======== Dataset extract

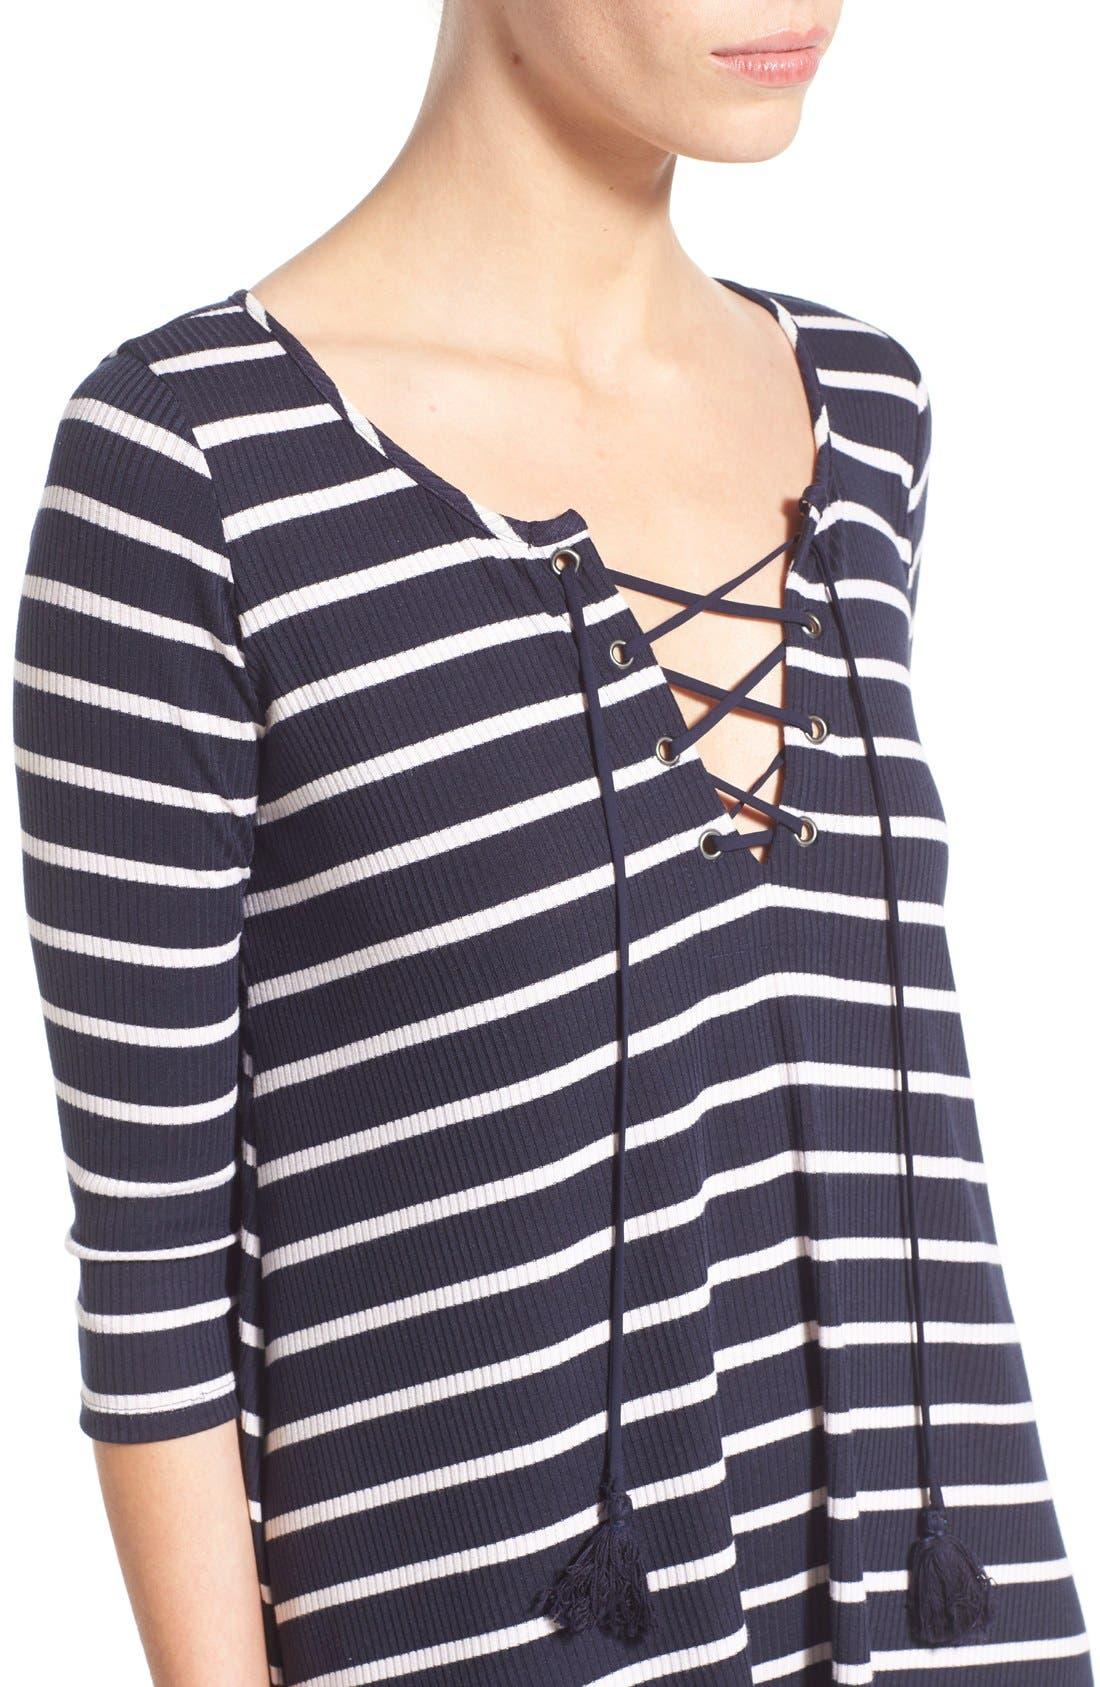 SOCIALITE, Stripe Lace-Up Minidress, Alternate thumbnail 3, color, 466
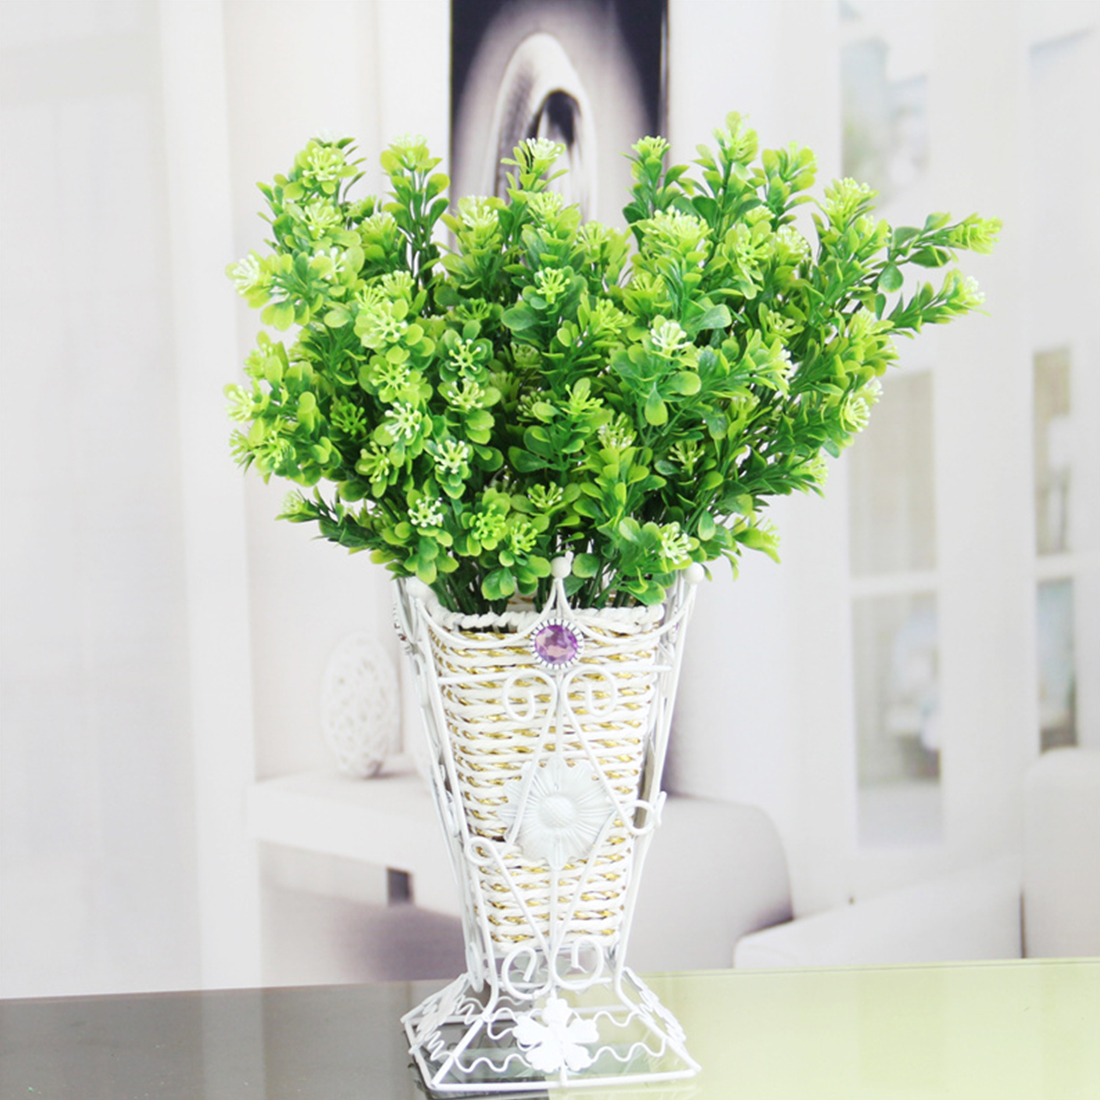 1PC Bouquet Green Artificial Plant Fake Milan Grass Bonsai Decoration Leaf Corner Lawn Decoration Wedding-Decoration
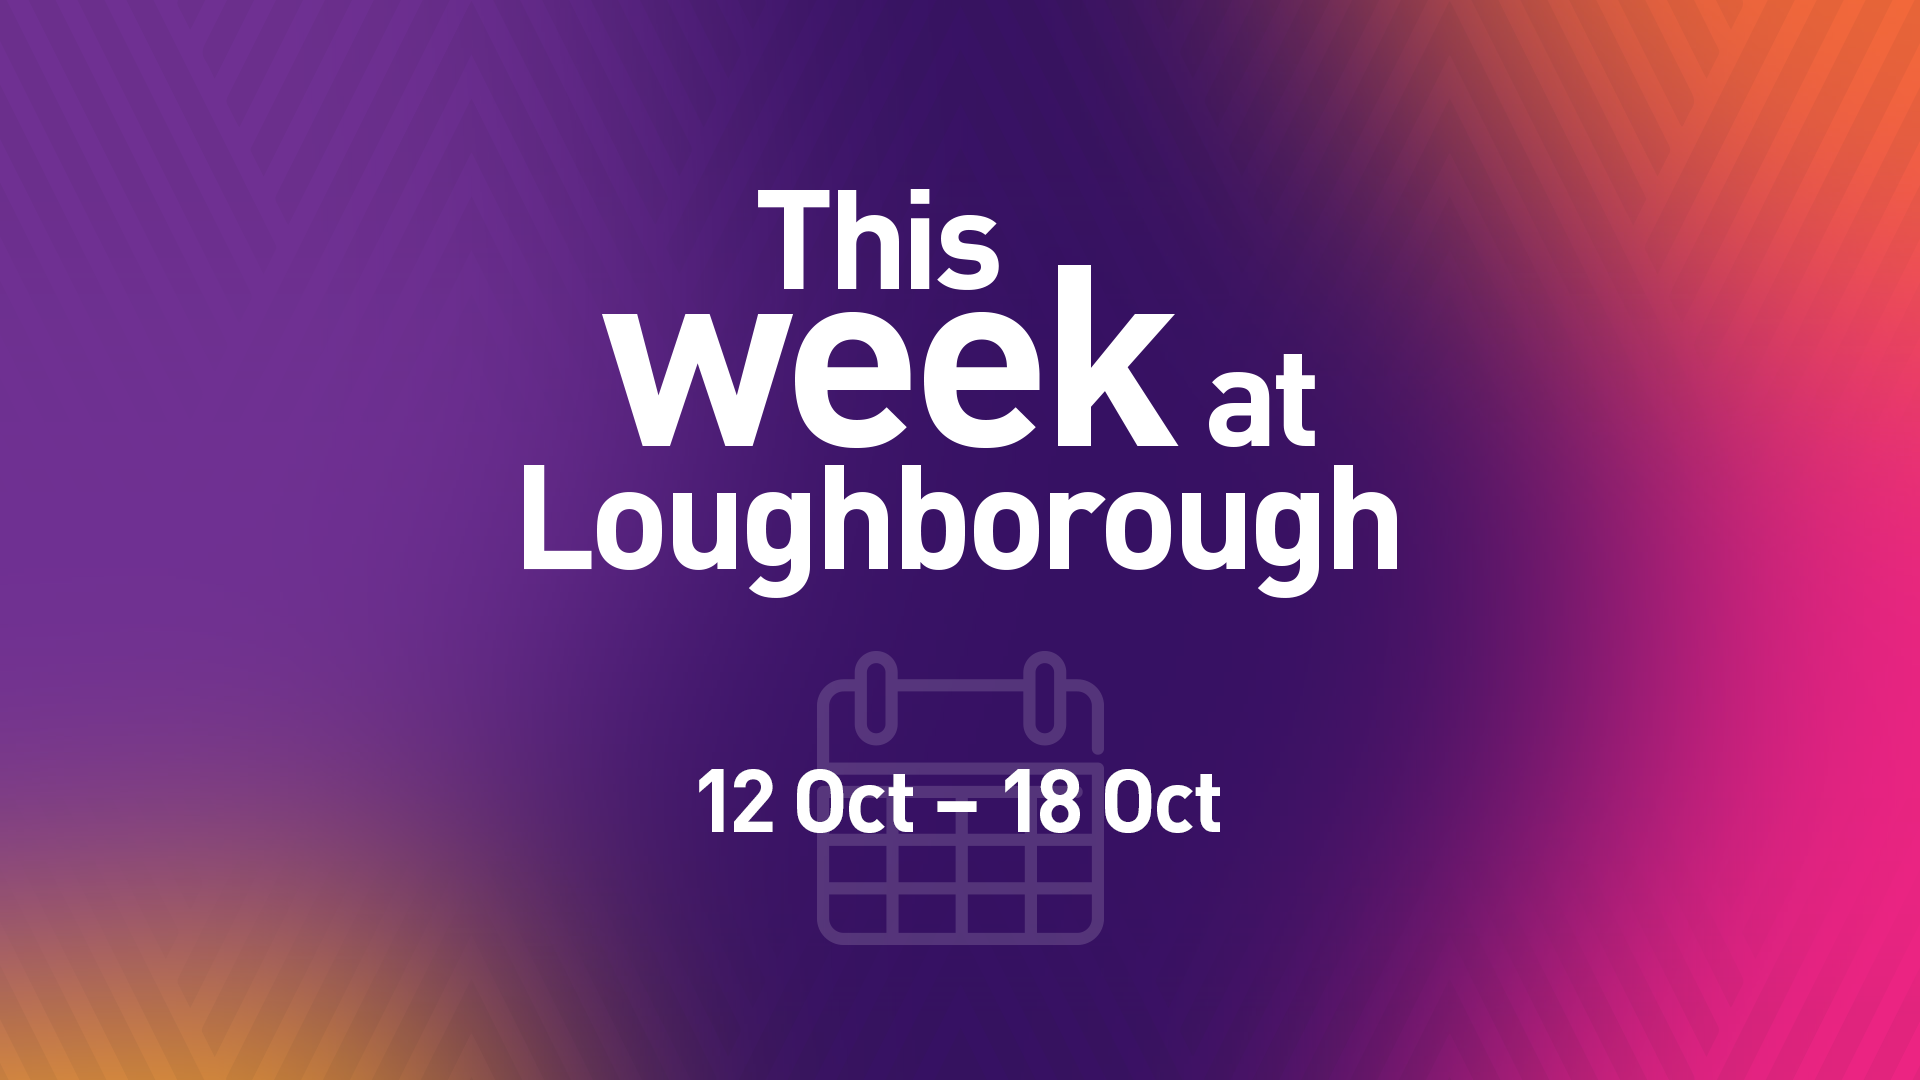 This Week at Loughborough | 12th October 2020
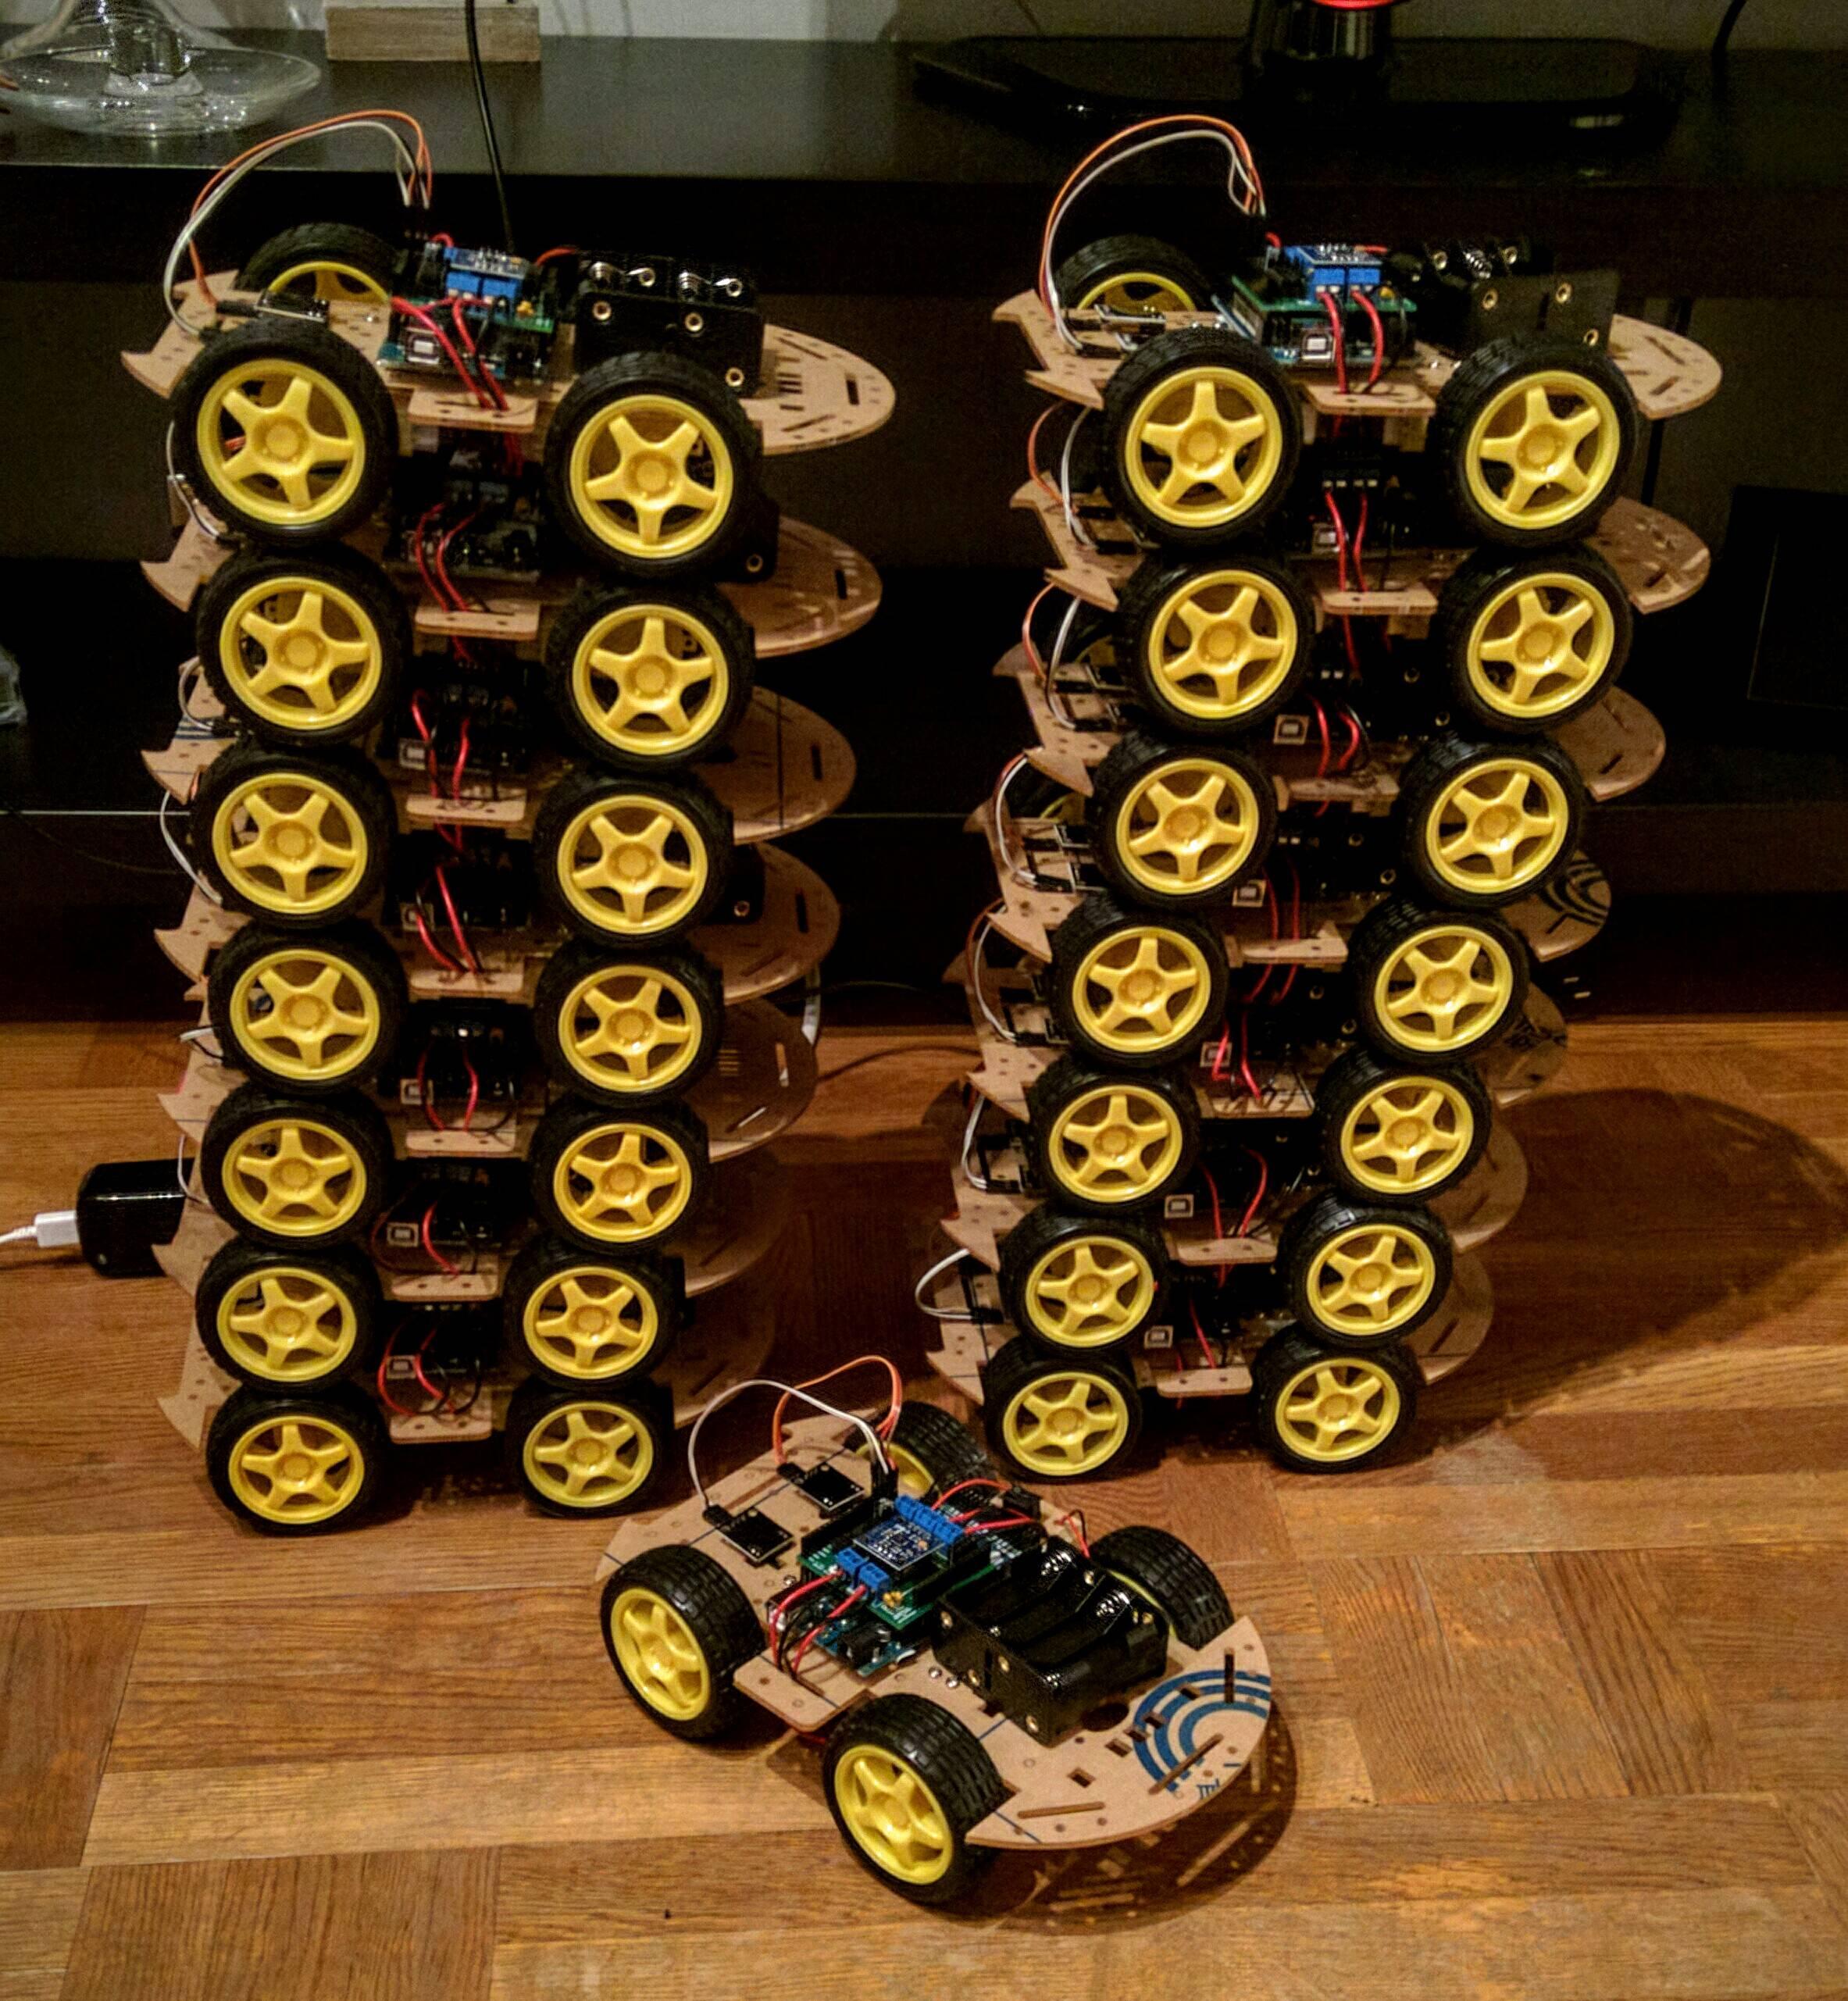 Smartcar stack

================

- [What is needed]
Begin at the line containing "This Week at" and copy every line through the end of the data above exactly, omitting the pictures.

- [Answer space]
 This Week at Loughborough | 12th October 2020
 Smartcar stack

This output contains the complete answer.